- Given data:
= Beginning of Section =

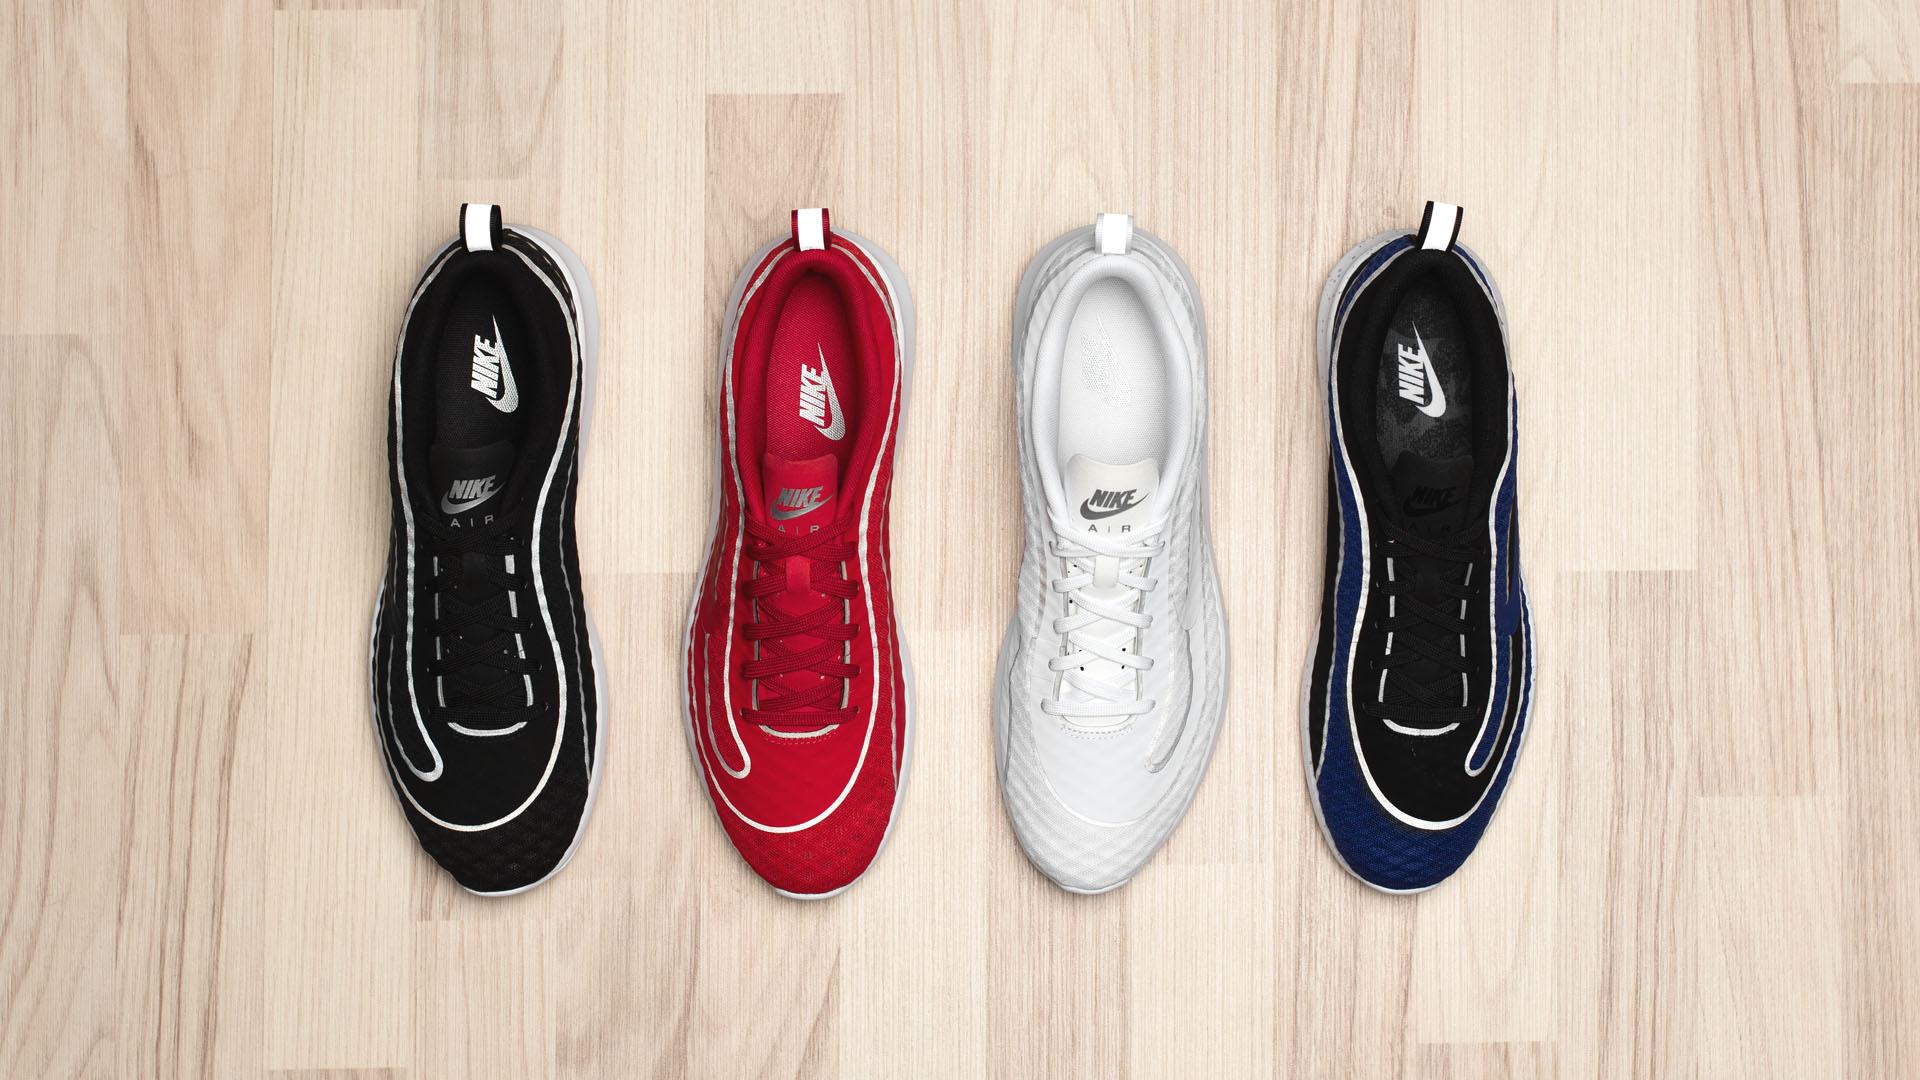 Max Admirez Les F cAir Mercurial R9 Nike mwNnv80
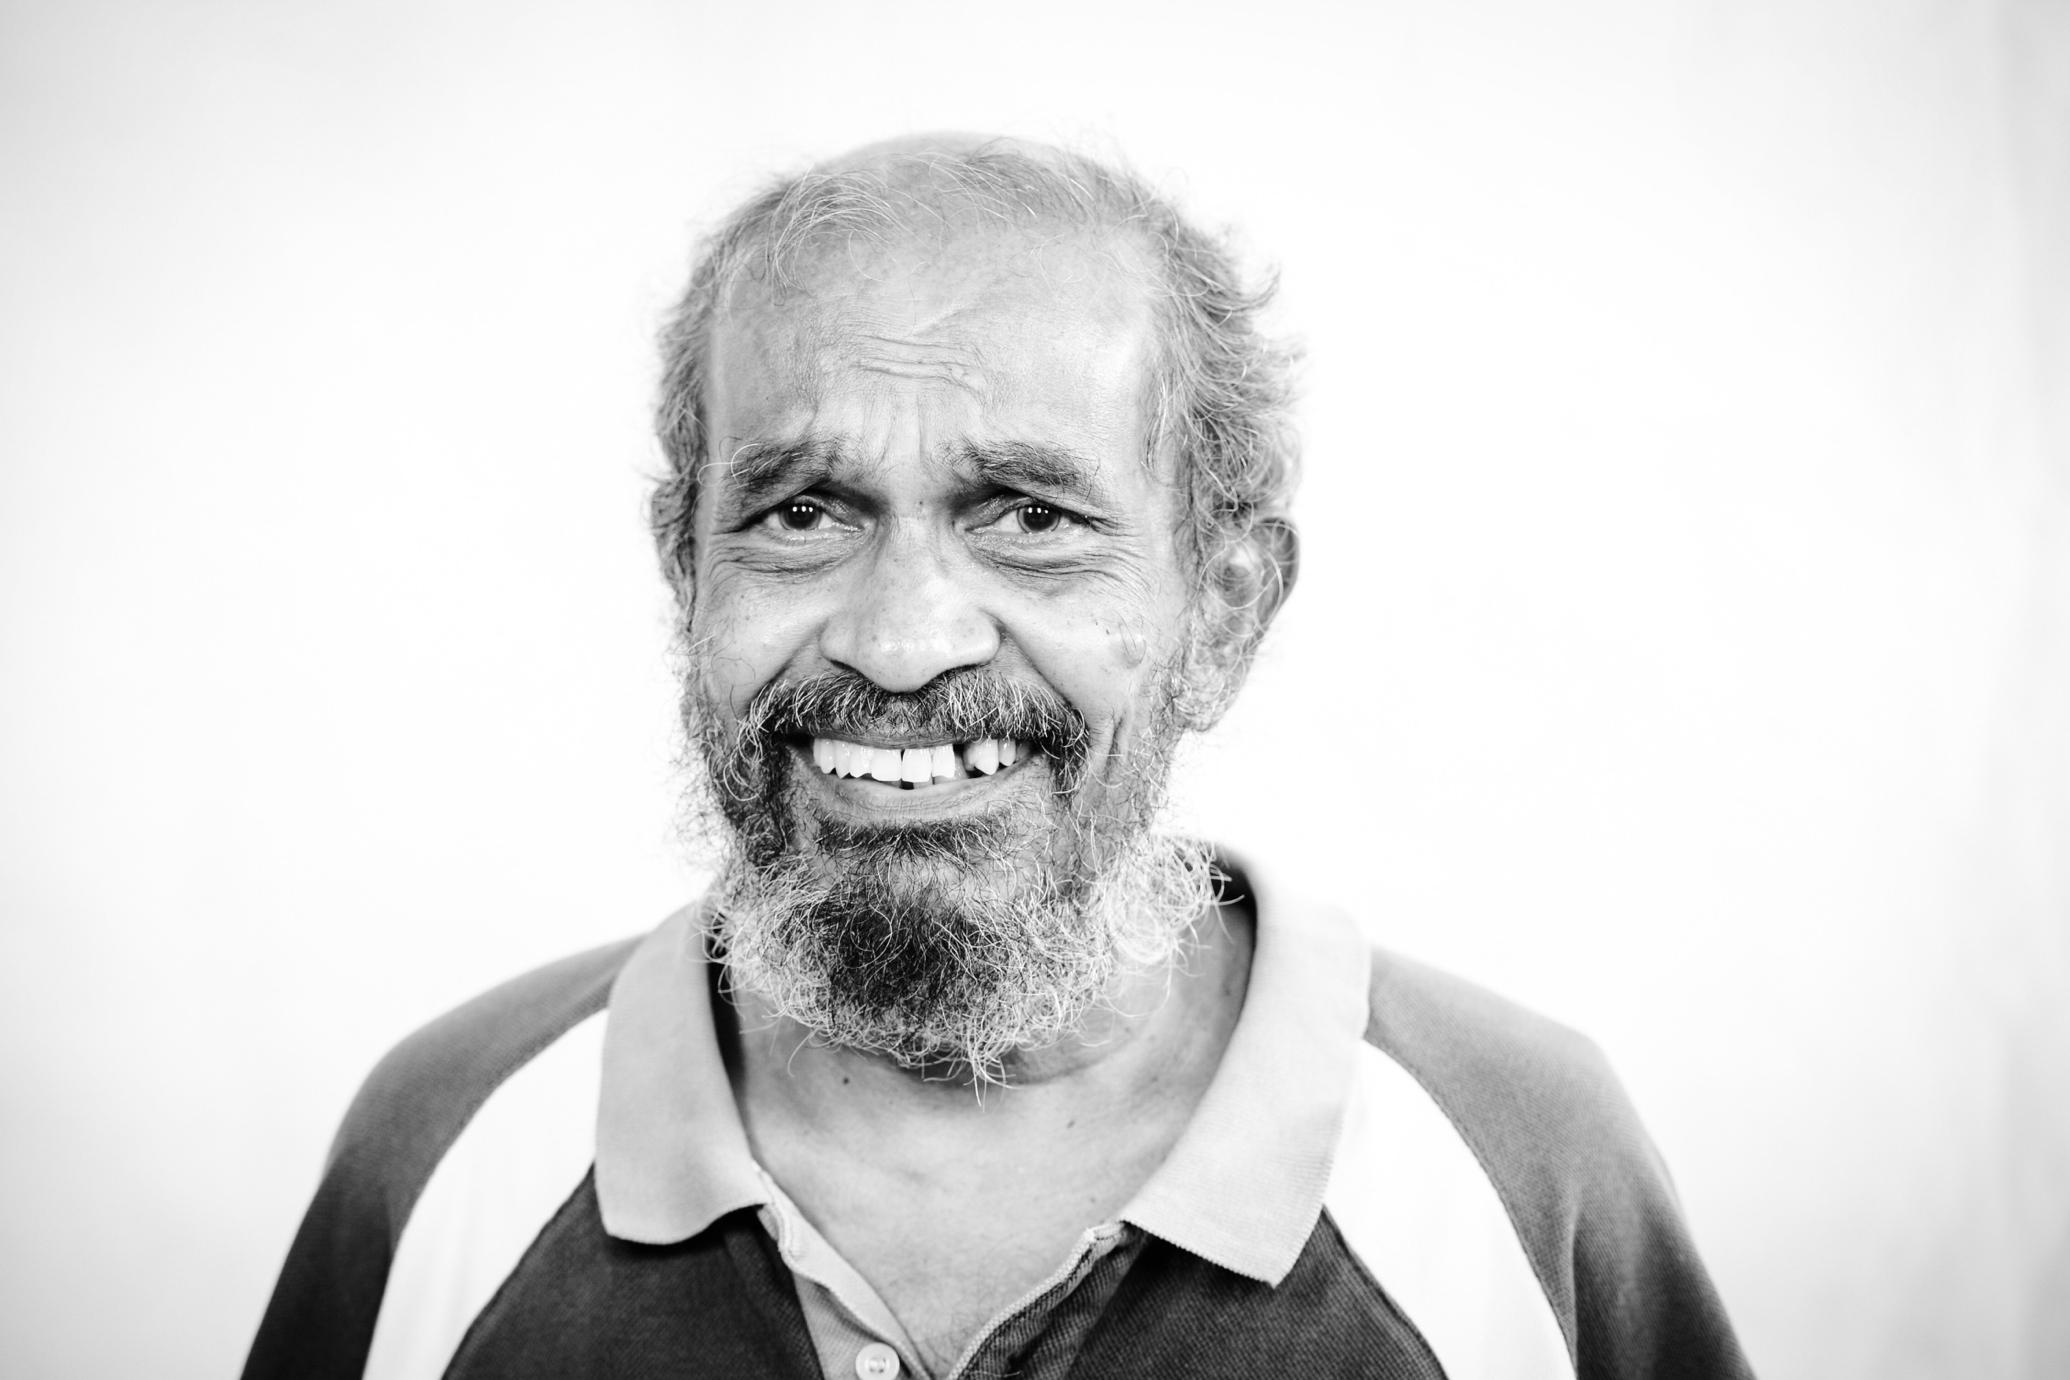 Sugumaran Krishnasamy
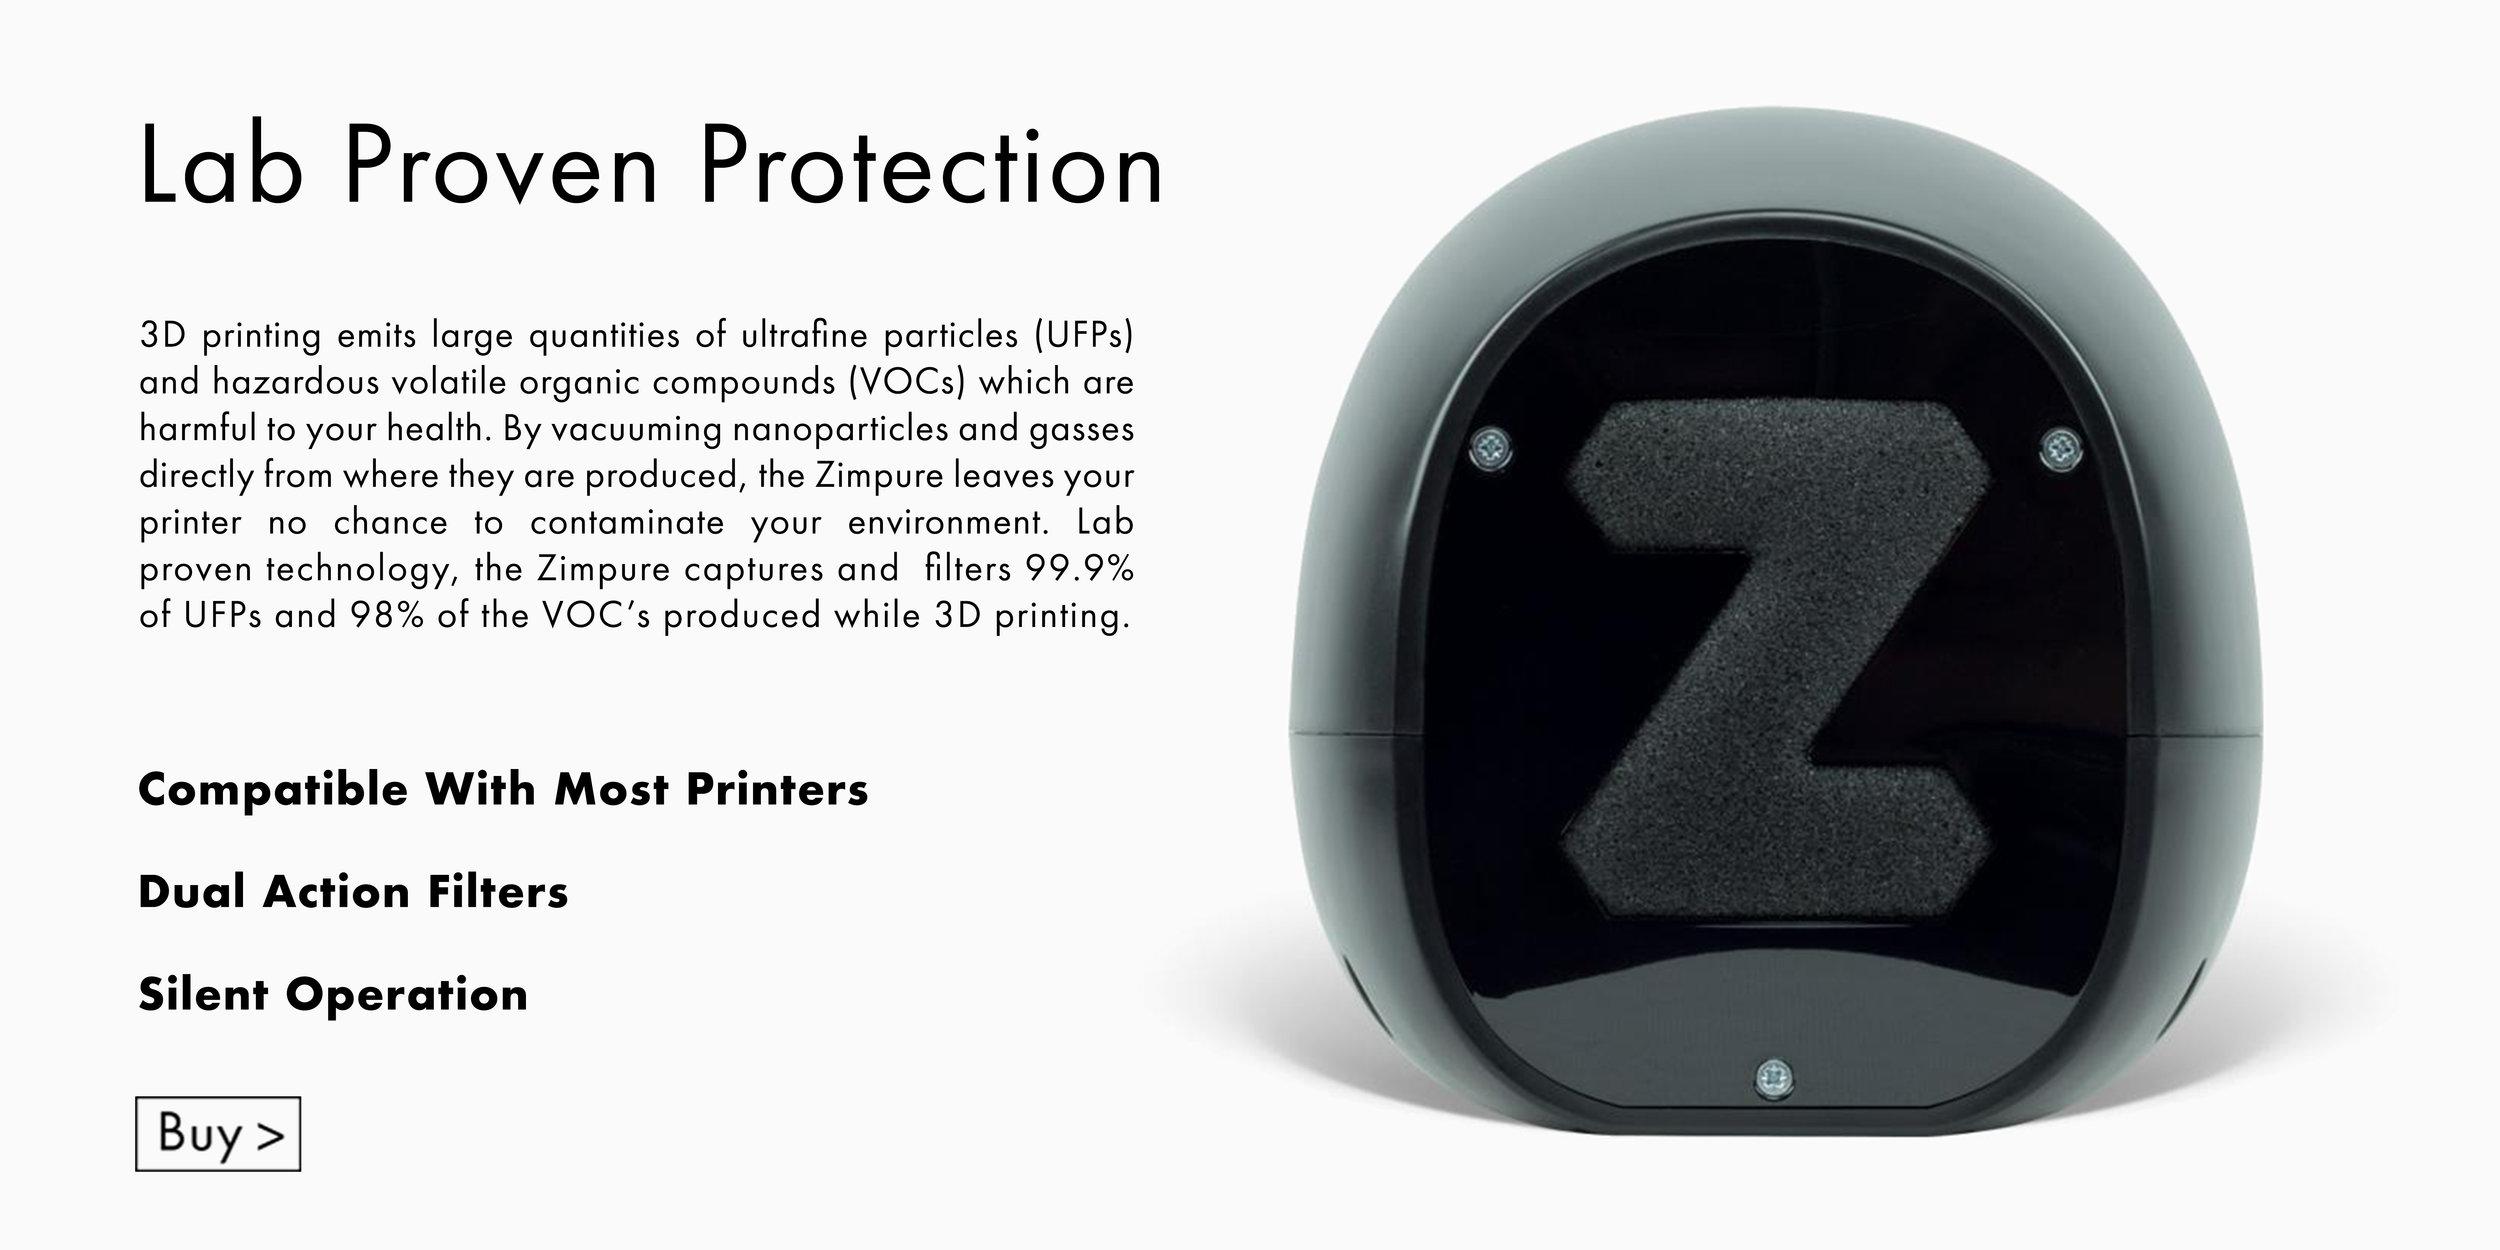 Standard Print Co. - Zimpure 3D Printer Air Purifier.jpg

= End of Section =

- Problem description:
All of the data must be set down exactly, with no pictures included.

- Your solution:
 Max Admirez Les F cAir Mercurial R9 Nike mwNnv80
 Sugumaran Krishnasamy
 Standard Print Co. - Zimpure 3D Printer Air Purifier.jpg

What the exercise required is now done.